Any help would be highly appreciated! Thanks!

user598208
  • 217
  • 3
  • 6
  • 15
  • Note that the OpenMP website has a forum where you can post questions about OpenMP -- check it out at http://openmp.org/forum/ –  Nov 21 '11 at 04:26

2 Answers2

3

OpenMP only creates worker thread at start. parallel pragma does not spawn thread. How do you determine the thread are spawned?

crazyjul
  • 2,519
  • 19
  • 26
  • Thank you for answering. My program hanged, and when I paused it with the debugger, using my compiler, I saw many worker threads executing the function where the "pragma omp parallel" was. Where are the threads "supposed" to be spawned? – user598208 Nov 16 '11 at 01:00
  • 1
    The thread are started when your program starts ( or the first time are needed, depending on the implementation ). Pause your program anywhere else, and you'll notice the threads are still there – crazyjul Nov 16 '11 at 08:25
  • While it seems this is true where I tested (both `std::this_thread::get_id()` and `omp_get_thread_num()` show repeating values for repeated execution of the parallel region), this contradicts the official documentation, wherein it says that the `parallel` construct "creates threads". https://www.openmp.org/spec-html/5.0/openmpse14.html – oarfish Oct 14 '20 at 16:03
0

This can be done! The key here is to move the loop inside one single parallel section and make sure that whatever is used to determine whether to repeat or not, all threads will make exactly the same decision. I've used shared variables and do a synchronization just before the loop condition is checked.

So this code:

initialize();
while (some_condition) {
  #pragma omp parallel
  {
     some_parallel_work();
  }
}

can be transformed into something like this:

#pragma omp parallel
{
  #pragma omp single
  {
    initialize();  //if initialization cannot be parallelized
  }
  while (some_condition_using_shared_variable) {
    some_parallel_work();
    update_some_condition_using_shared_variable();
    #pragma omp flush
  }
}

The most important thing is to be sure that every thread makes the same decision at the same points in your code.

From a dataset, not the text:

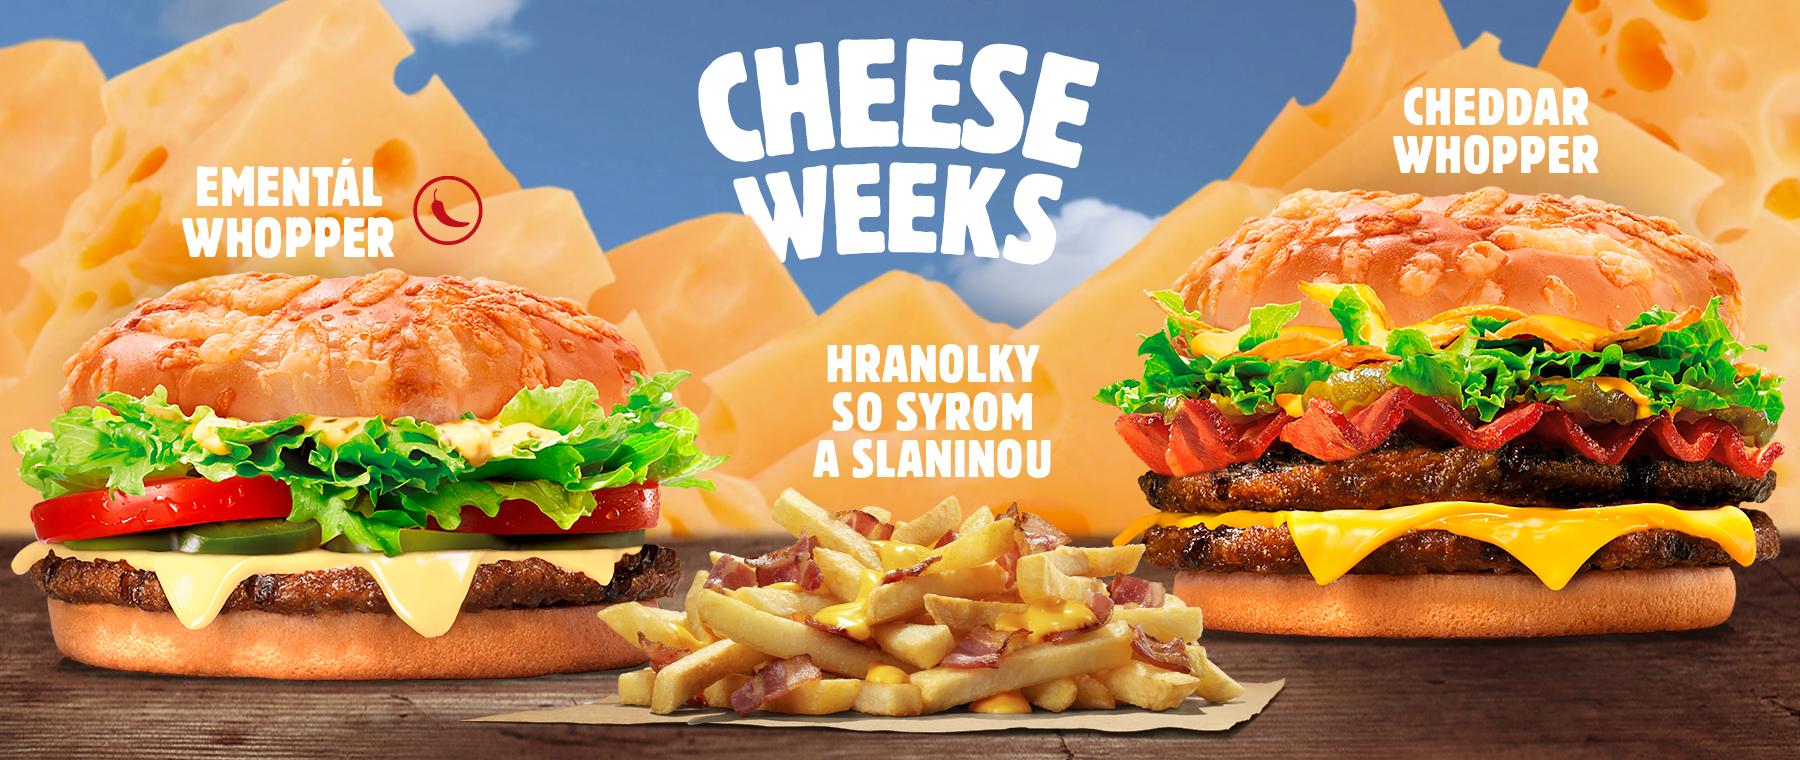 Cheese weeks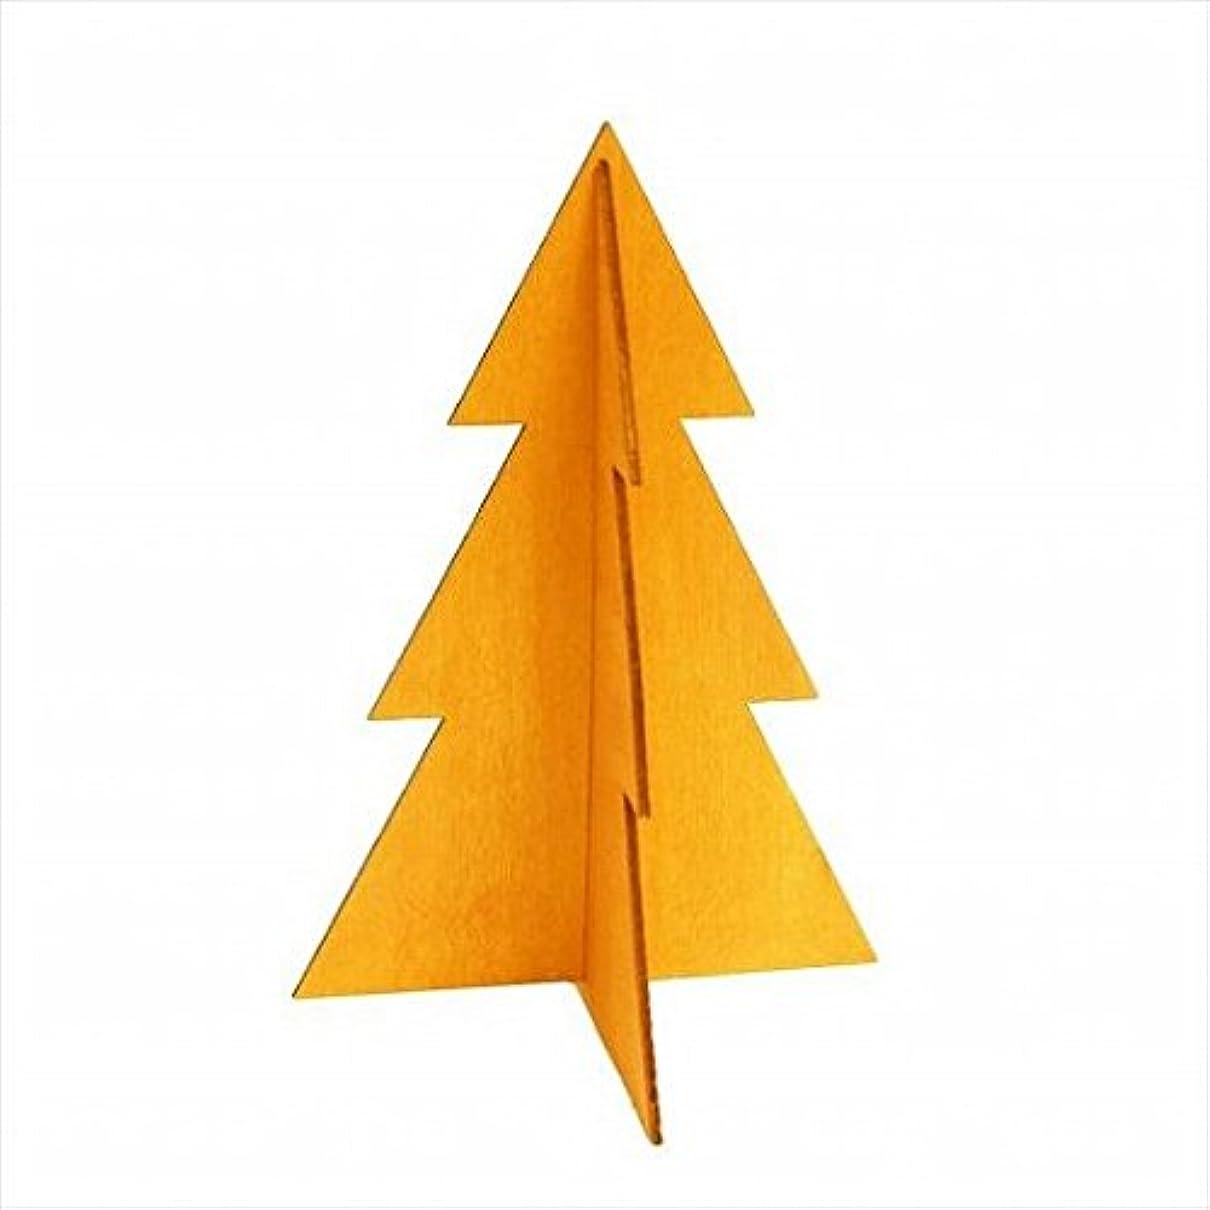 連合なめる夏kameyama candle(カメヤマキャンドル) フェスティブツリーM 「 オレンジ 」 キャンドル 144x144x210mm (I882243009)

As a final thought, essentially what one is doing is trading the overhead for creating/destroying threads (every time a section of #pragma omp parallel begins/ends) into synchronization overhead for the decision making of the threads. I think synchronizing should be faster however there are some many parameters at play here that this may not always be.

Jason
  • 304
  • 3
  • 6